▶ [Supplied material]:

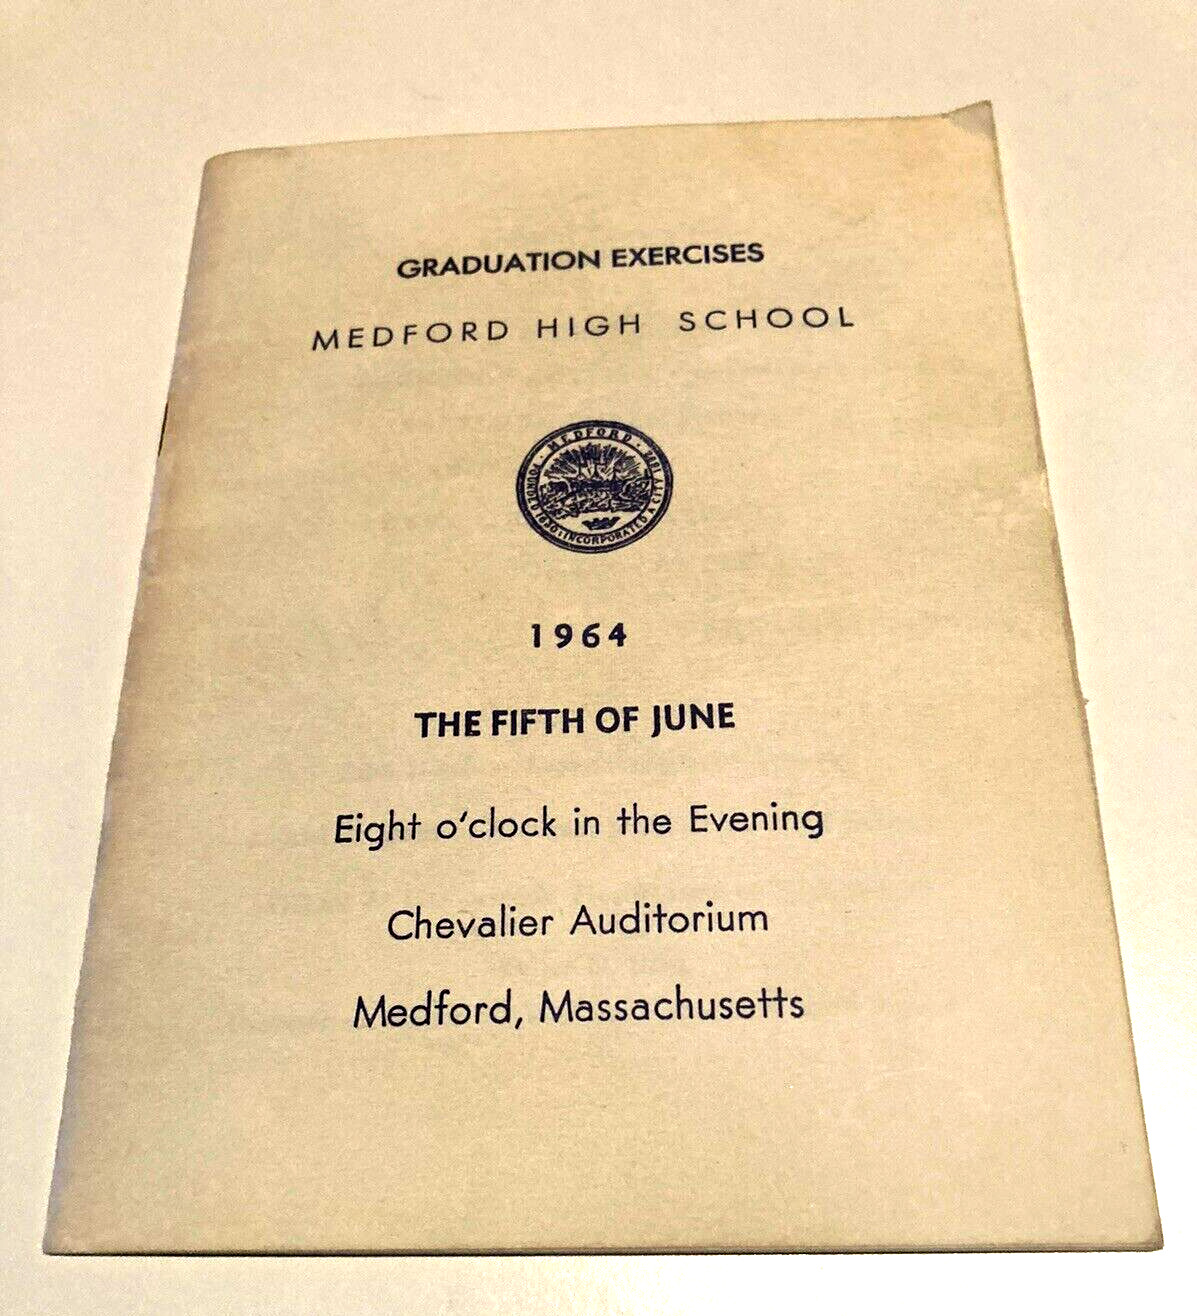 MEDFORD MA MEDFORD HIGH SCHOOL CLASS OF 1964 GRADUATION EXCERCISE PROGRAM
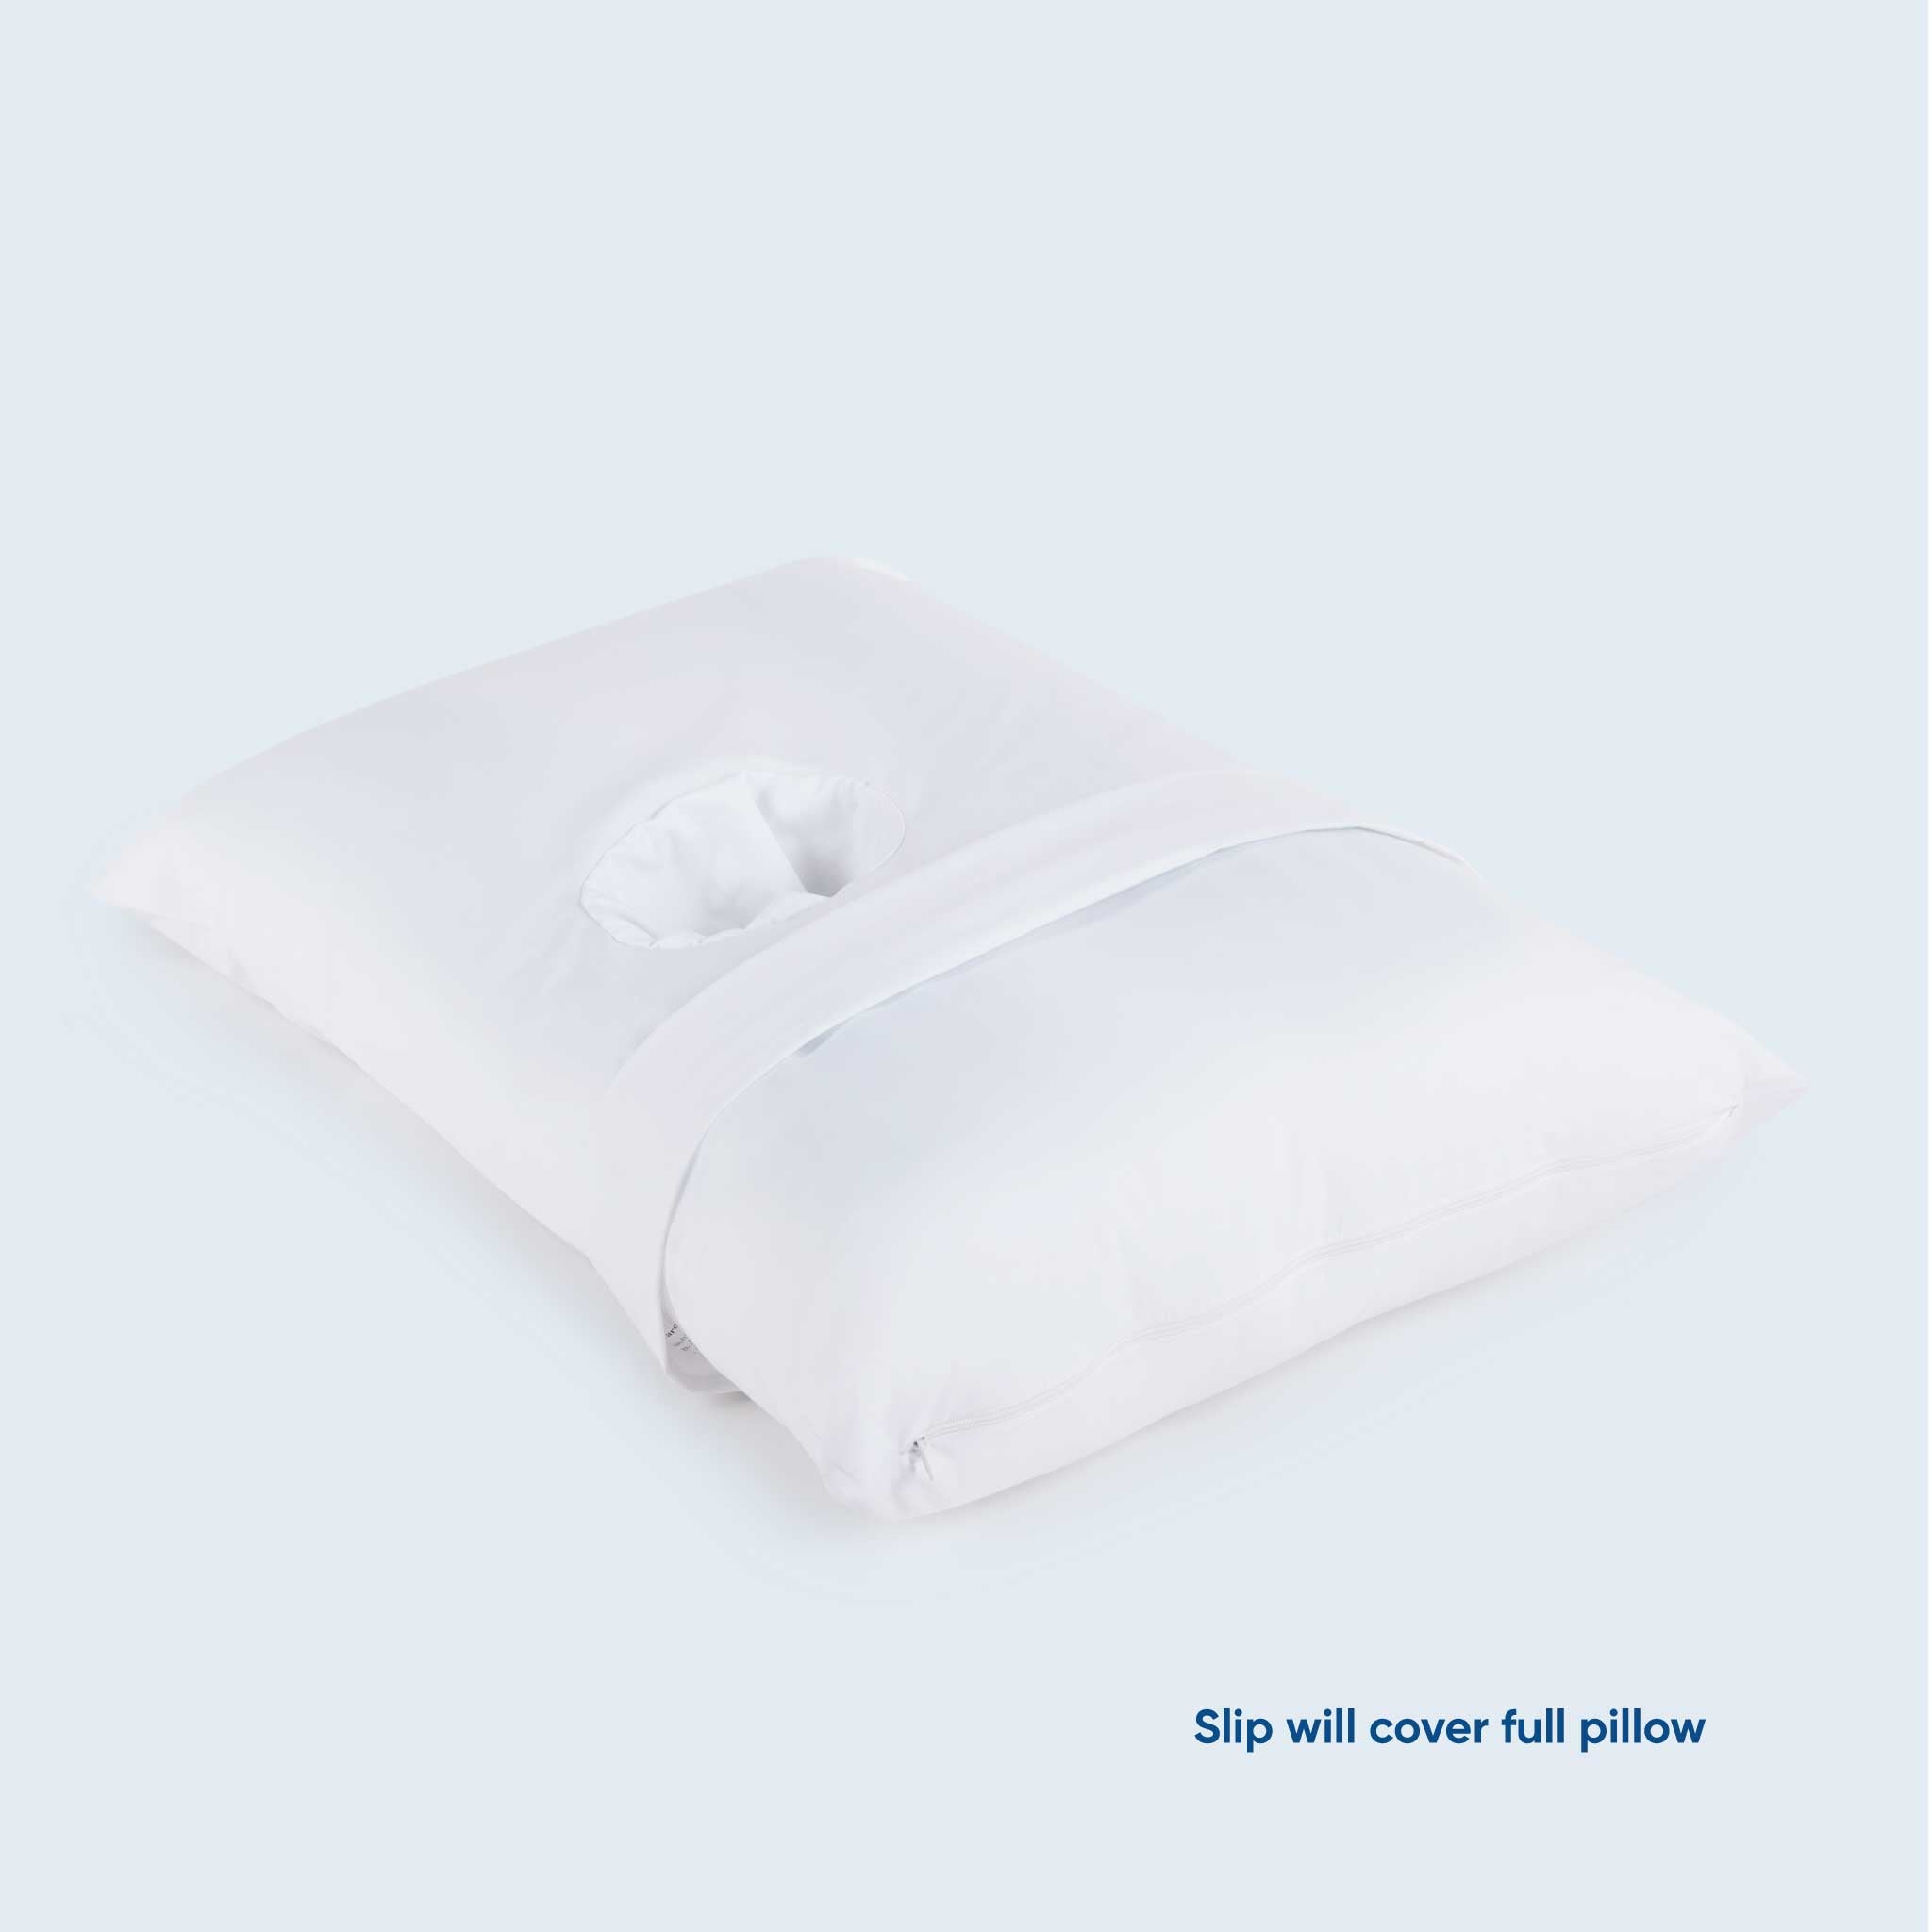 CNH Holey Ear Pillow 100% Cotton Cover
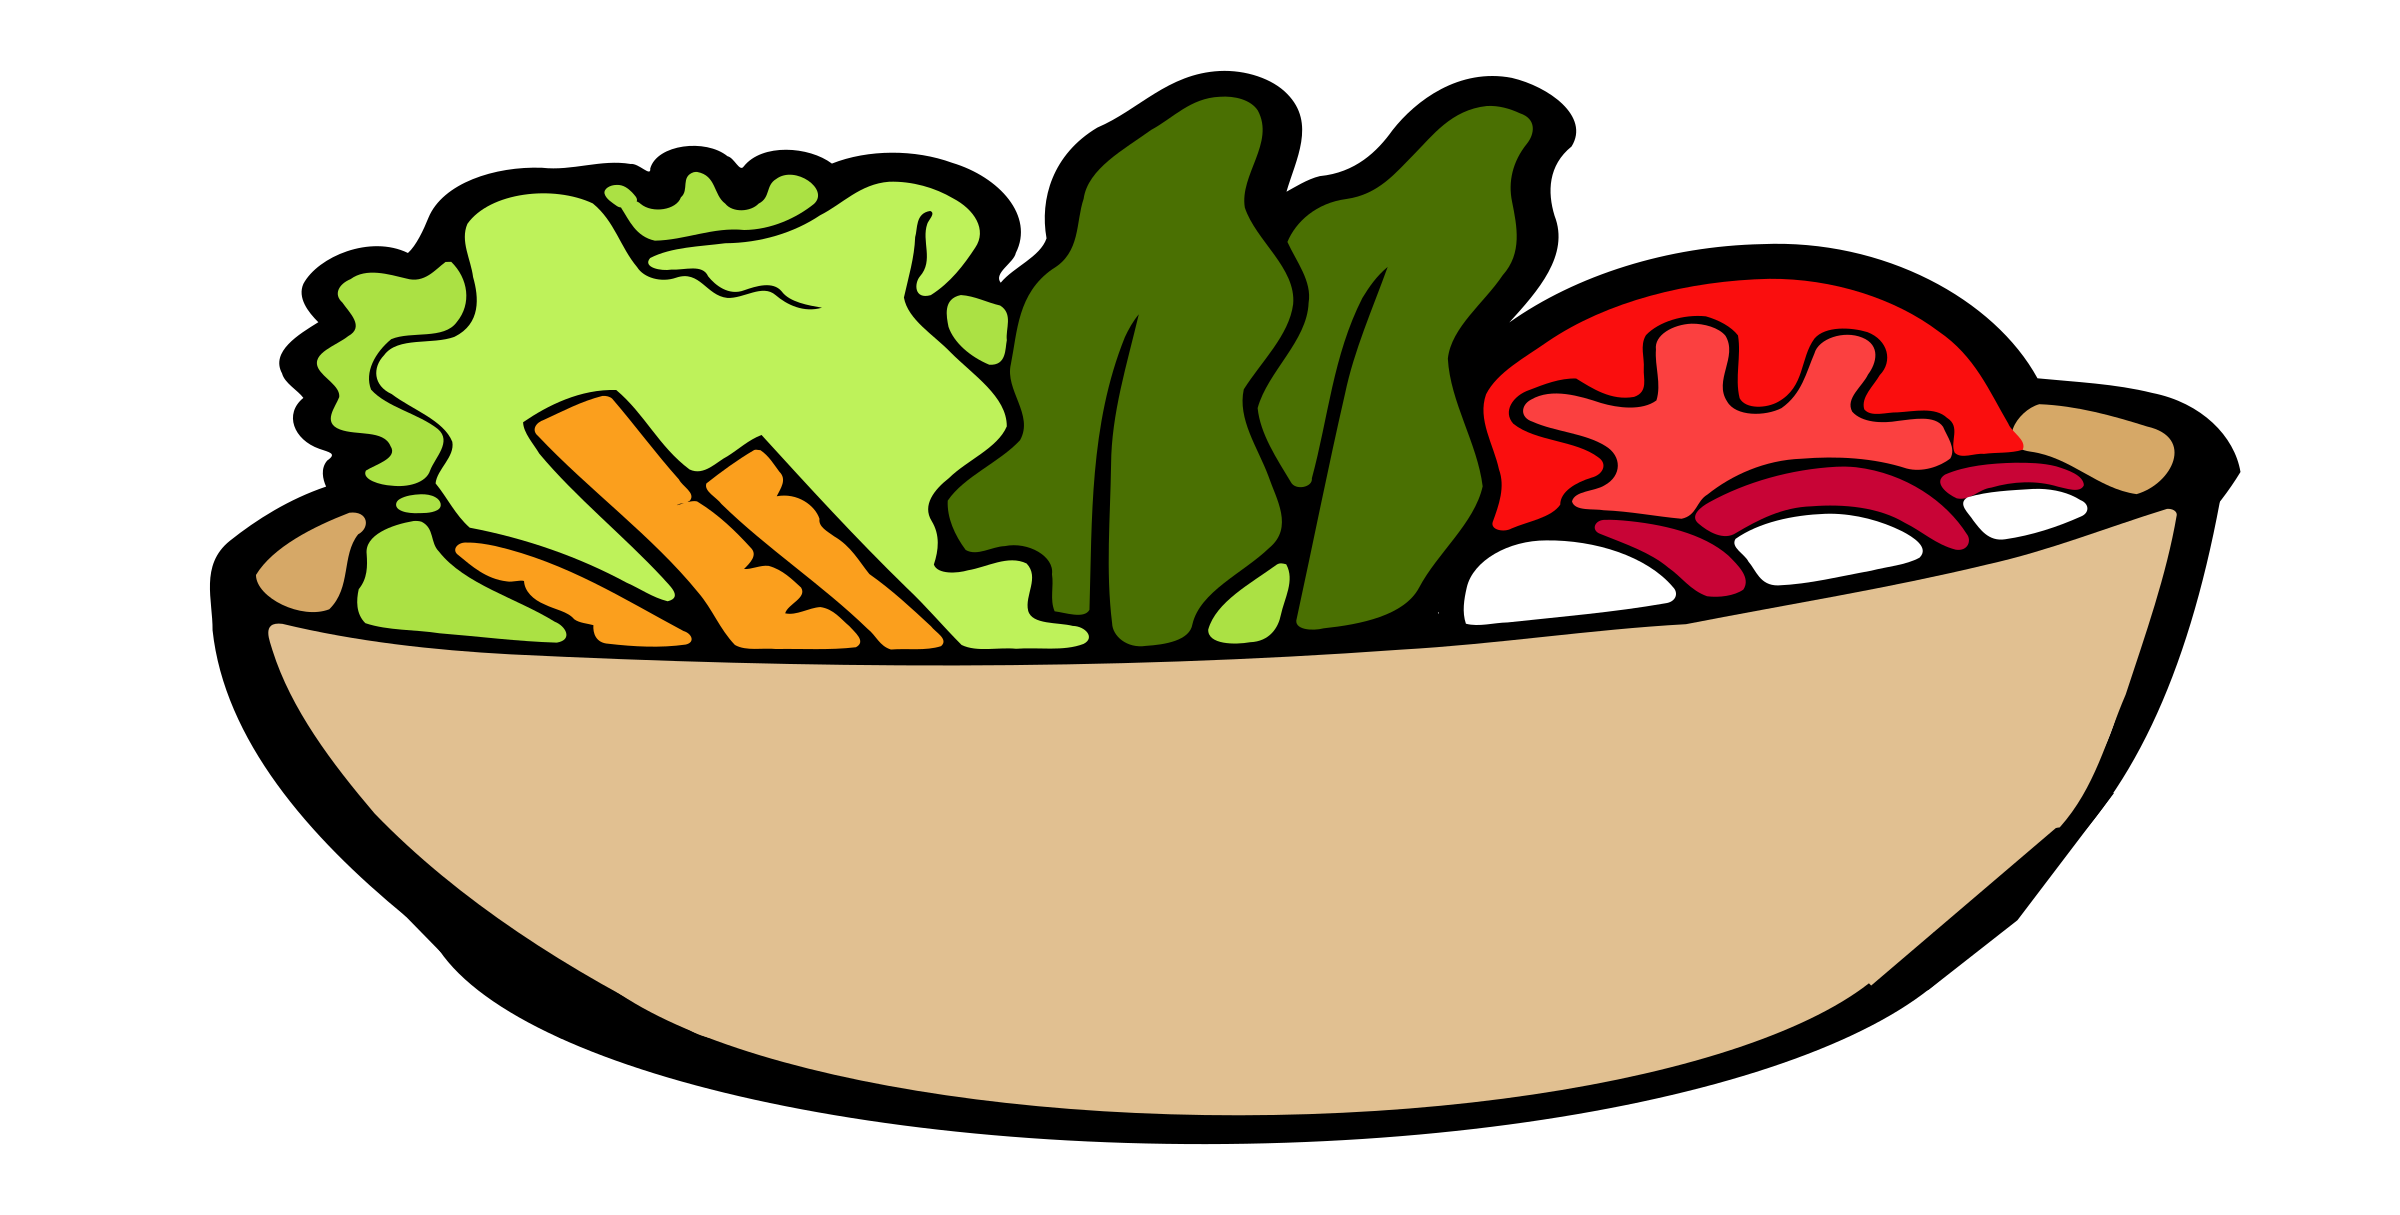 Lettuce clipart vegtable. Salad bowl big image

▶ [Activity]:
Please copy out the material above exactly, with the images removed.

▶ [Response below]:
 MEDFORD MA MEDFORD HIGH SCHOOL CLASS OF 1964 GRADUATION EXCERCISE PROGRAM
 CNH Holey Ear Pillow 100% Cotton Cover
 Lettuce clipart vegtable. Salad bowl big image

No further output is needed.